Figure 6. Effect of linactants on Lo domain formation and membrane fusion.

(a) Fluorescence micrographs of supported lipid monolayers composed of DPPC/DOPC/DOPS/Ch (2:1:1:1) (control) with 20 mol% linactants (hybrid phospholipids and α-TOH) as indicated. The statistics of several observed parameters on the Lo domains as calculated by ImageJ are shown in Supplementary Fig. 3a. The scale of all images is 40 × 40 μm². (b) Effect of linactants on membrane fusion mediated by HIV-FP. The extent of lipid (white bars) and content (grey bars) mixing was measured 10 min after addition of 1 μM HIV-FP to 50 μM LUVs composed of the same lipid mixtures as in a. (c) The dependence of content mixing on the circumference of Lo domains shows a linear relationship (correlation coefficient R²=0.97). The coloured data points correspond to the colours of the added linactants in a,b. The direct correlation of content (or lipid) mixing with the circumference of the domains indicates a critical role of the Lo/Ld interface line tension in membrane fusion. Data are mean±s.e.m. from three experiments.

Figure 7. Release of boundary energy by domain coalescence.

(a) Schematic diagram illustrating the change of boundary energy by domain coalescence. (b) A symmetric vesicle with two equally sized Lo- and Ld-phase hemispheres fuses with a Lo domain in a planar membrane. (c) Change of boundary energy for the reaction shown in b as a function of Lo domain size in the planar membrane for vesicles of different sizes. Domain fluctuations are not considered in this simple geometrical model (see text). (d) Schematic diagram illustrating biological implications of domain coalescence in T-cell activation on HIV binding and fusion at domain boundaries. The small domains shown in resting T-cells may actually be dynamic fluctuating clusters or nanodomains of receptors and lipids, but even then, the concept of lateral assembly of multiple clusters and domain growth during T-cell activation is still valid.

Figure 8. Extension of stalk-pore model of membrane fusion to heterogeneous lipid bilayers containing lipid rafts.

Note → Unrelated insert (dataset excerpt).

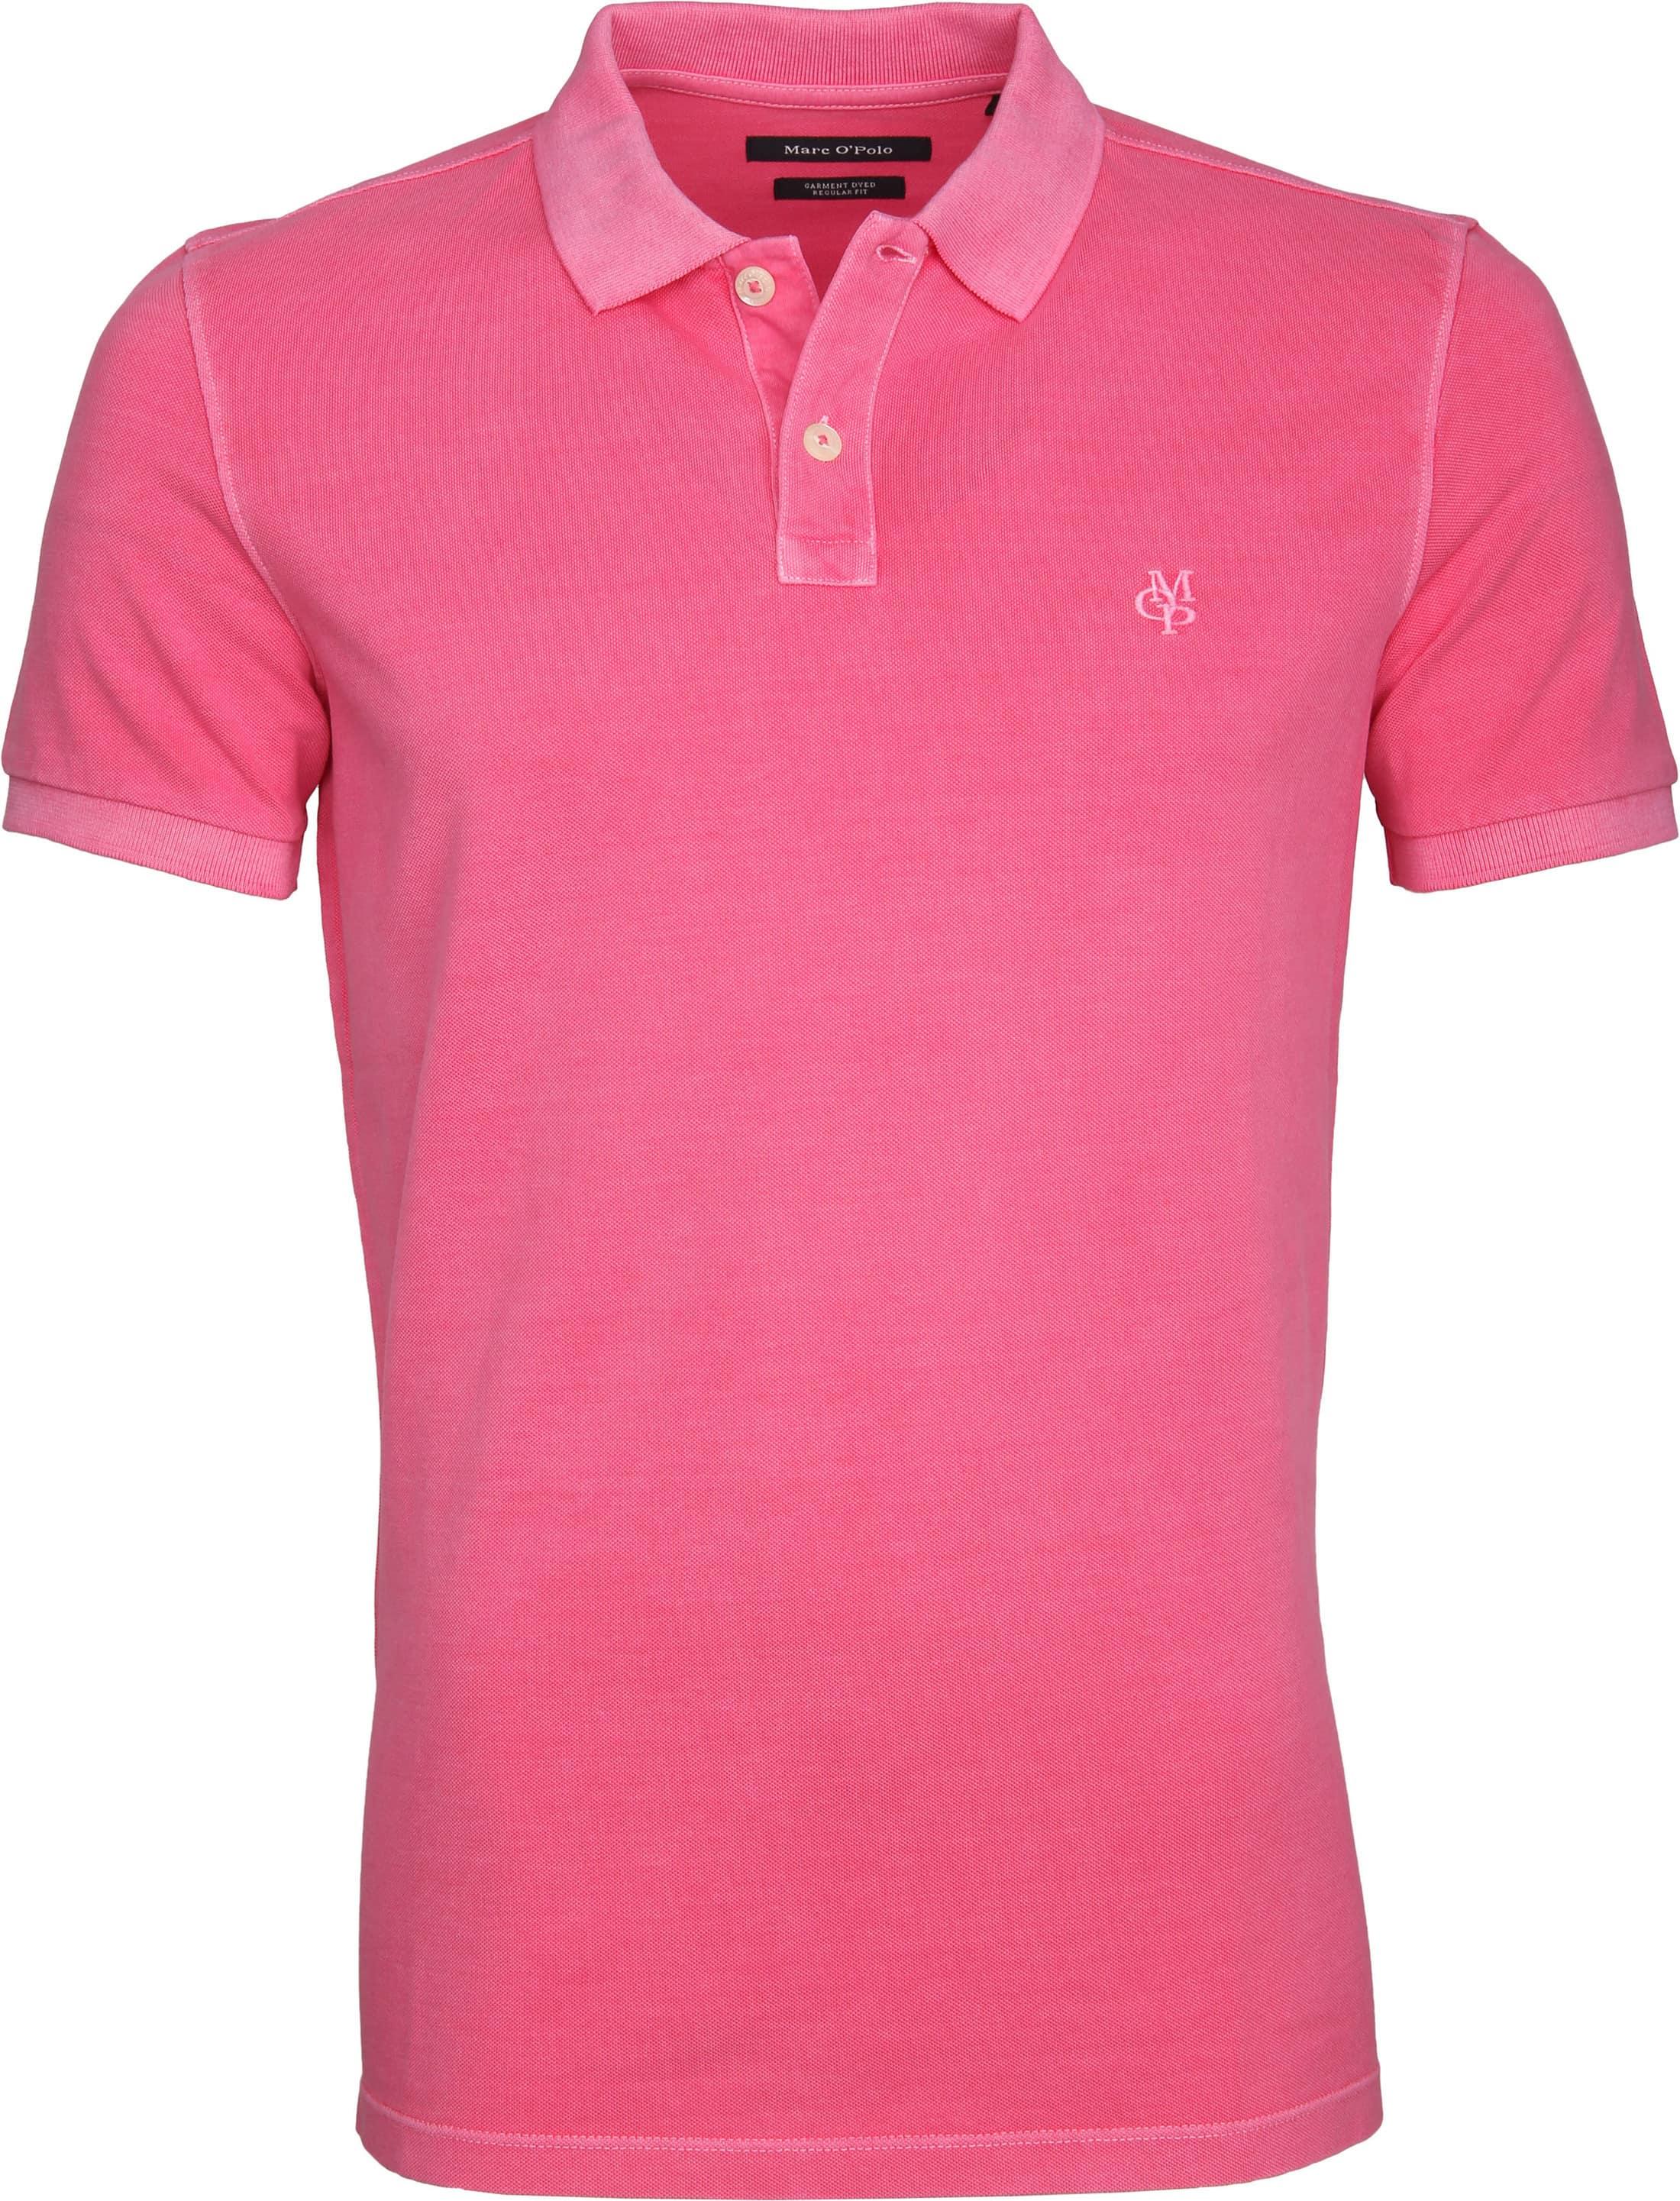 Marc O'Polo Poloshirt Garment Dyed Rosa foto 0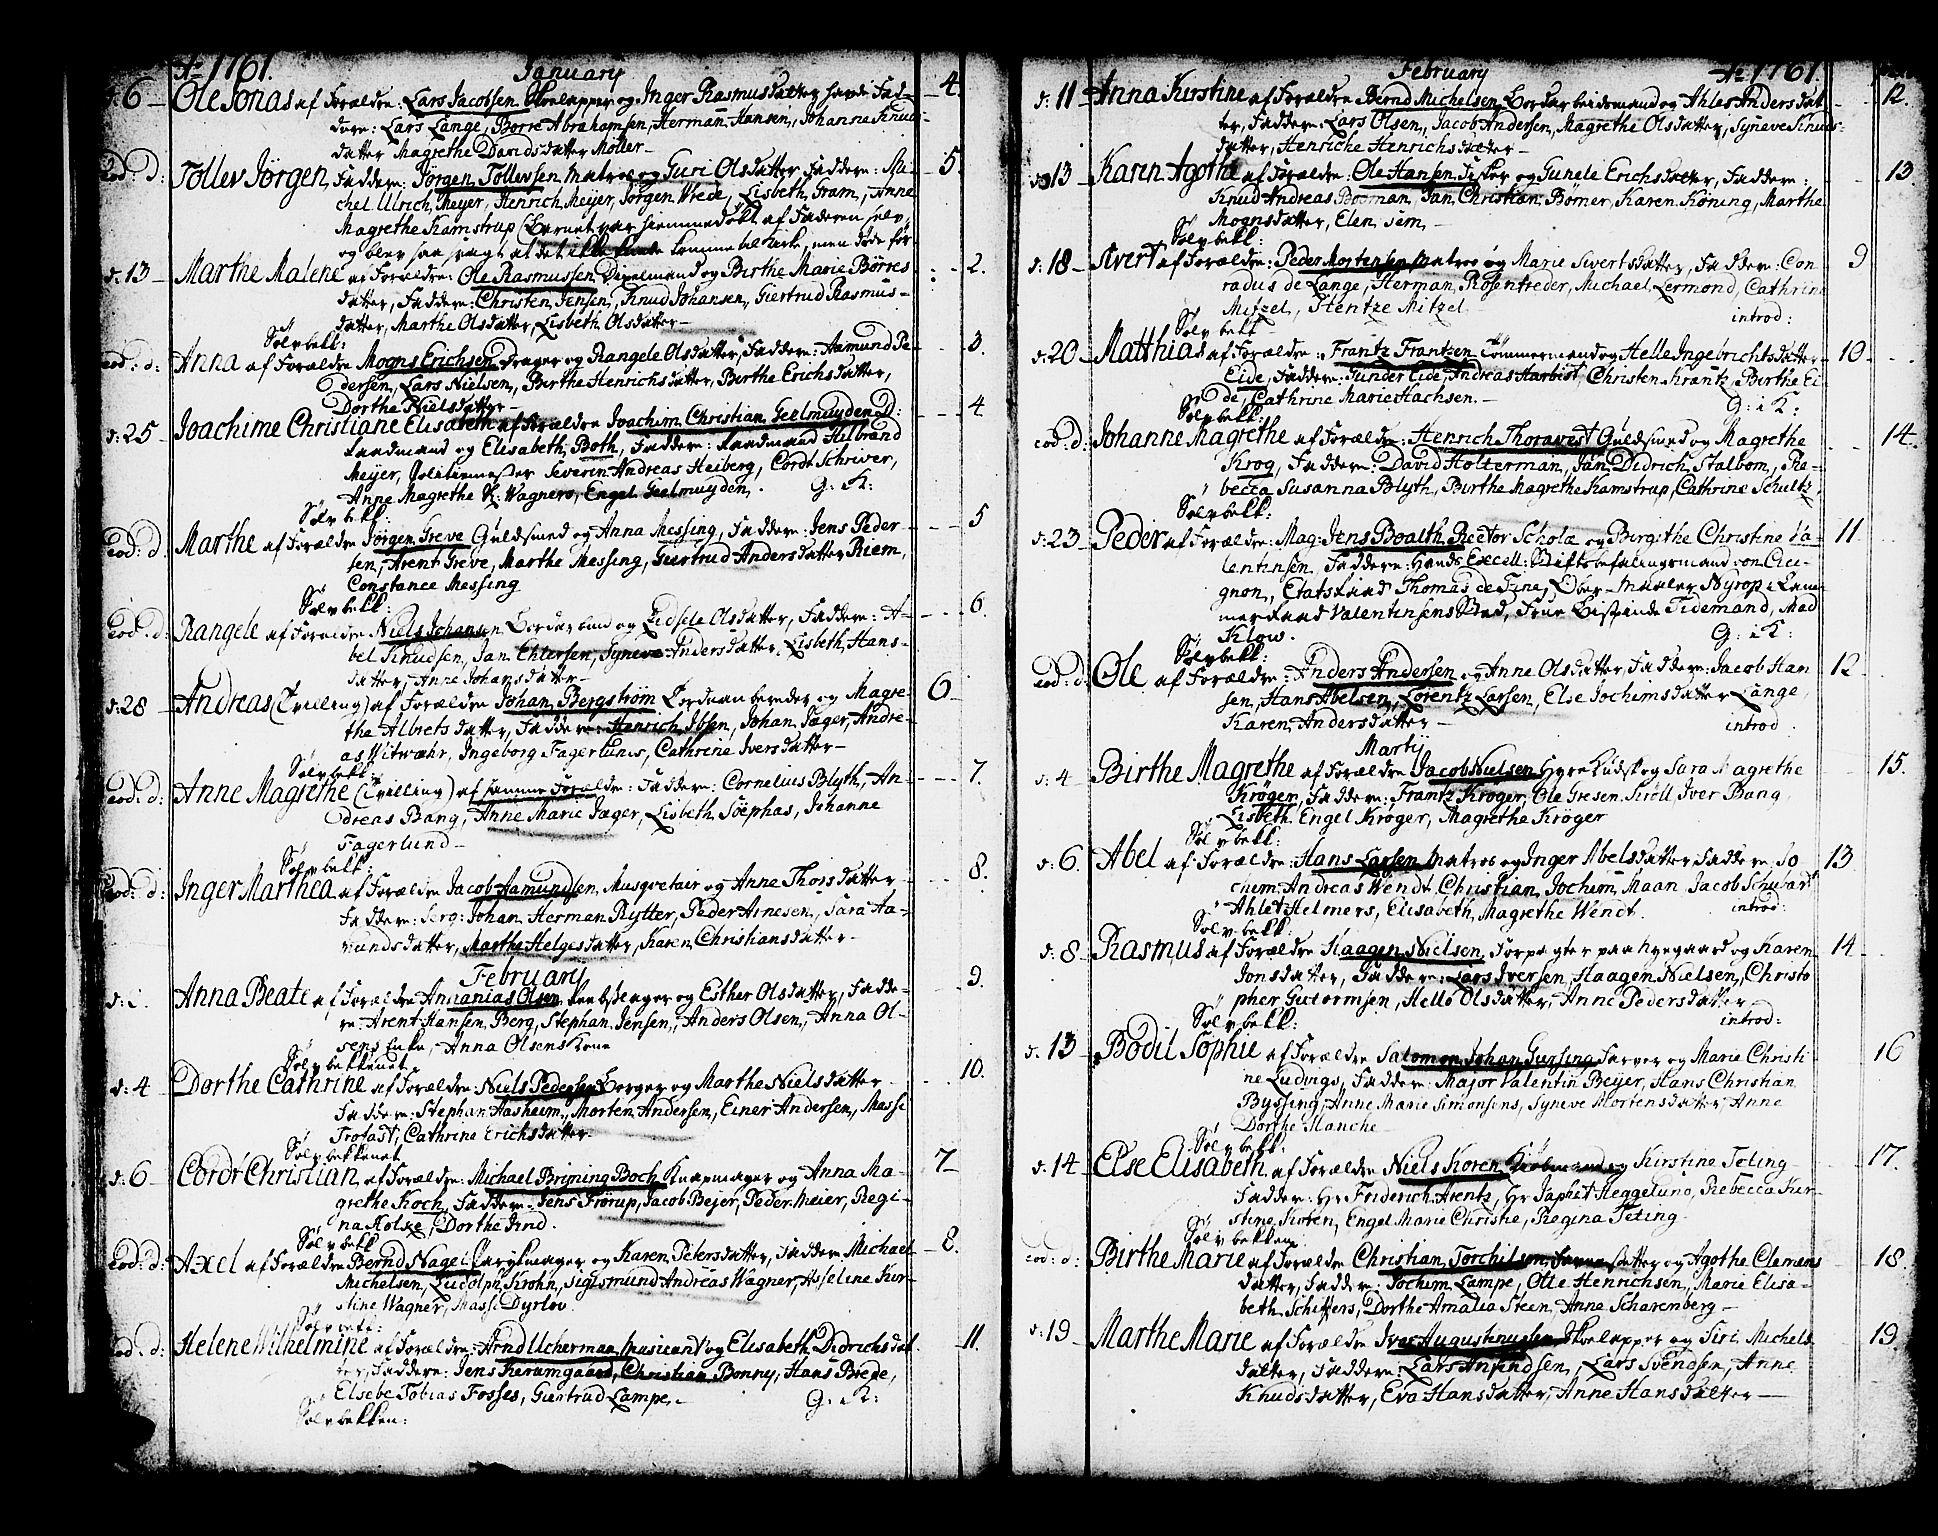 SAB, Domkirken sokneprestembete, H/Haa/L0003: Ministerialbok nr. A 3, 1758-1789, s. 36-37

(a) Schematic diagrams illustrating different steps of membrane fusion in the standard stalk-pore model with homogeneous membranes: (i) close contact of two lipid bilayers with point-like protrusion, (ii) lipid stalk connecting two bilayers, (iii) hemifusion diaphragm and (iv) fusion pore. Lipids with negative spontaneous curvature (red triangles) stabilize the stalk and lipids with positive spontaneous curvature (blue inverted triangles) stabilize the fusion pore. (b) Stalk-pore model extended to fusion of lipid bilayers with coexisting Lo/Ld domains. The domain boundaries generate additional energy for membrane fusion by reduction of line tension energy. These boundaries induce local curvature and defects that facilitate fusion peptide insertion at different steps in the extended stalk-pore model (see text, for more detail).